In Wirklichkeit sind wir jedoch allein dafür verantwortlich, dass die Menge dieses Treibhauses, das aus Kaminen, Stapeln und Abgasen strömt, seit vielen Jahren kontinuierlich wächst. 1950 waren es ungefähr 6,5 Milliarden Tonnen, 2018 waren es ungefähr 38 Milliarden Tonnen Kohlendioxid, die in die Erdatmosphäre gelangten. Bereits im Jahr 2010 beliefen sich die weltweiten CO2-Emissionen auf rund 33 Milliarden Tonnen. Seitdem hat sich der Anstieg deutlich verlangsamt. Weit und breit keine Exponentialfunktion.

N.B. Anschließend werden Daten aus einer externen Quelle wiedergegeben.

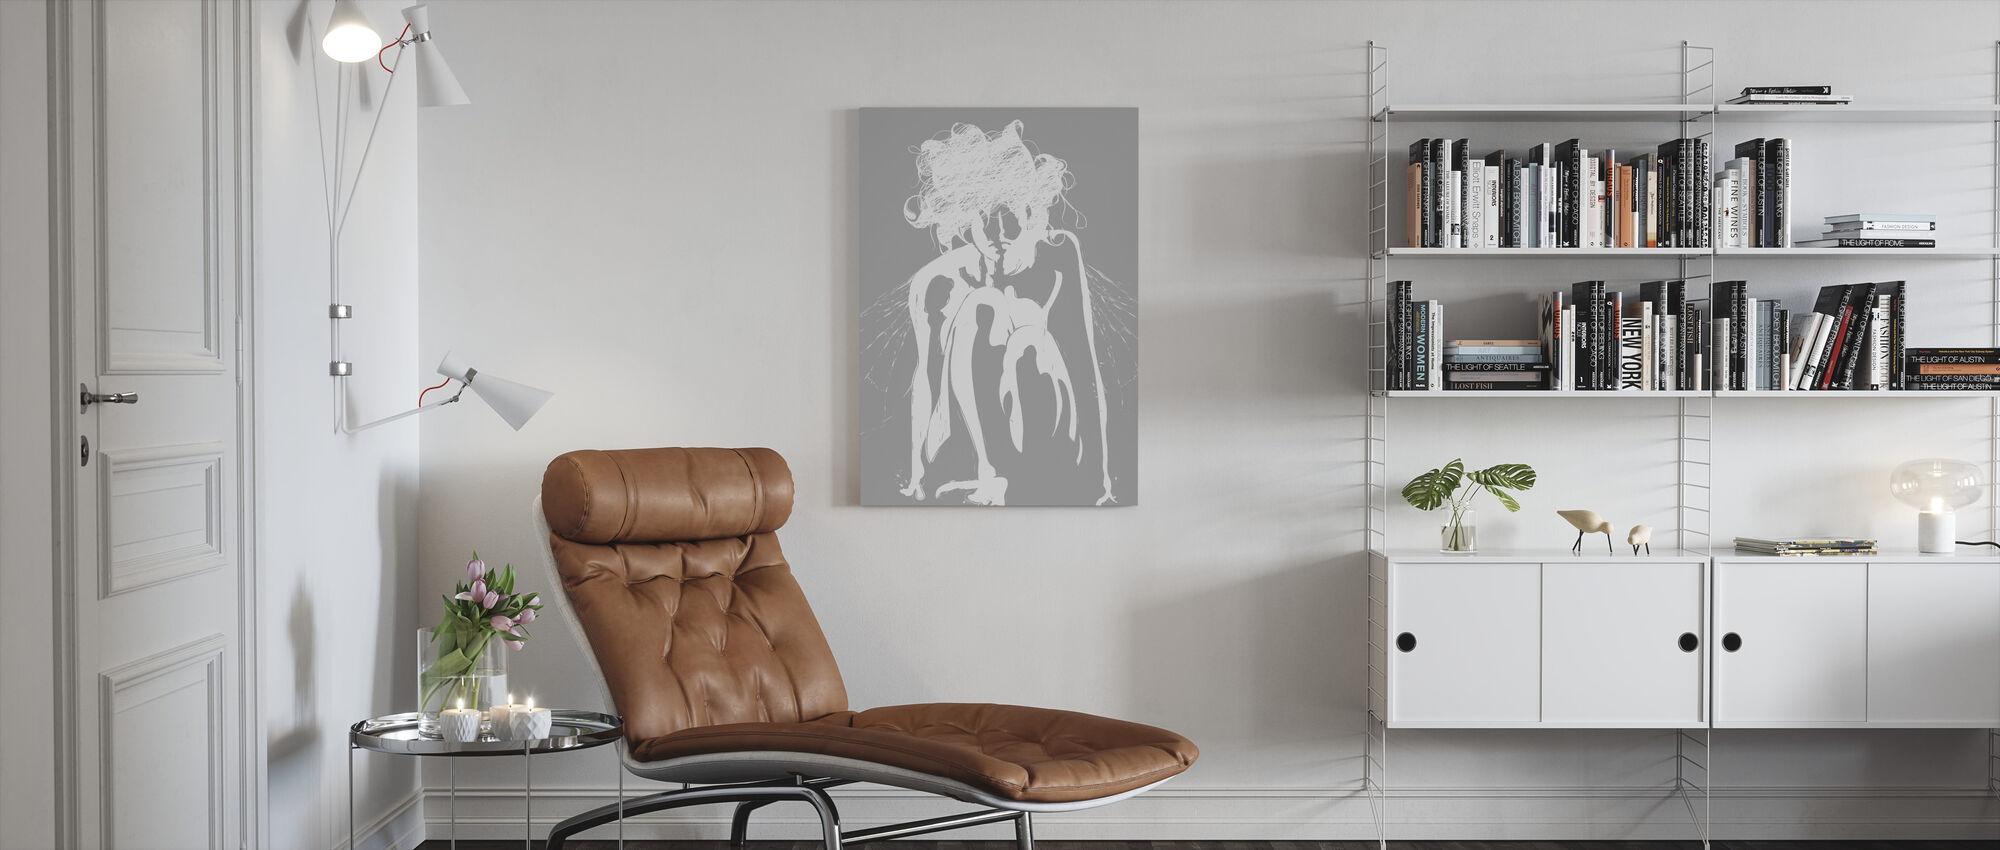 Tingeling - Ljusgrå - Canvastavla - Vardagsrum

Dies ist jedoch nur ein Hoffnungsschimmer. Denn die wirkliche Gefahr des Treibhausgases Kohlendioxid besteht darin, dass es – sobald es in der Atmosphäre aufsteigt – Tausende von Jahren dort bleibt. Daher tragen unsere jährlichen Kohlendioxidemissionen zwangsläufig zu einer zunehmenden Menge dieses Gases in der Atmosphäre bei. Selbst wenn unsere CO2-Emissionen in den kommenden Jahren sinken würden, wie wir es uns vorgenommen haben, würden diese Emissionen in die Atmosphäre zu noch mehr CO2-Emissionen führen.
Nur wenn wir praktisch kein CO2-Gas mehr freisetzen, bleibt die Menge an Kohlendioxidgas in der Erdatmosphäre gleich. Und je nachdem, wie viel Kohlendioxid die Atmosphäre enthält, führt der damit verbundene Treibhauseffekt zu einer neuen – höheren – globalen Durchschnittstemperatur.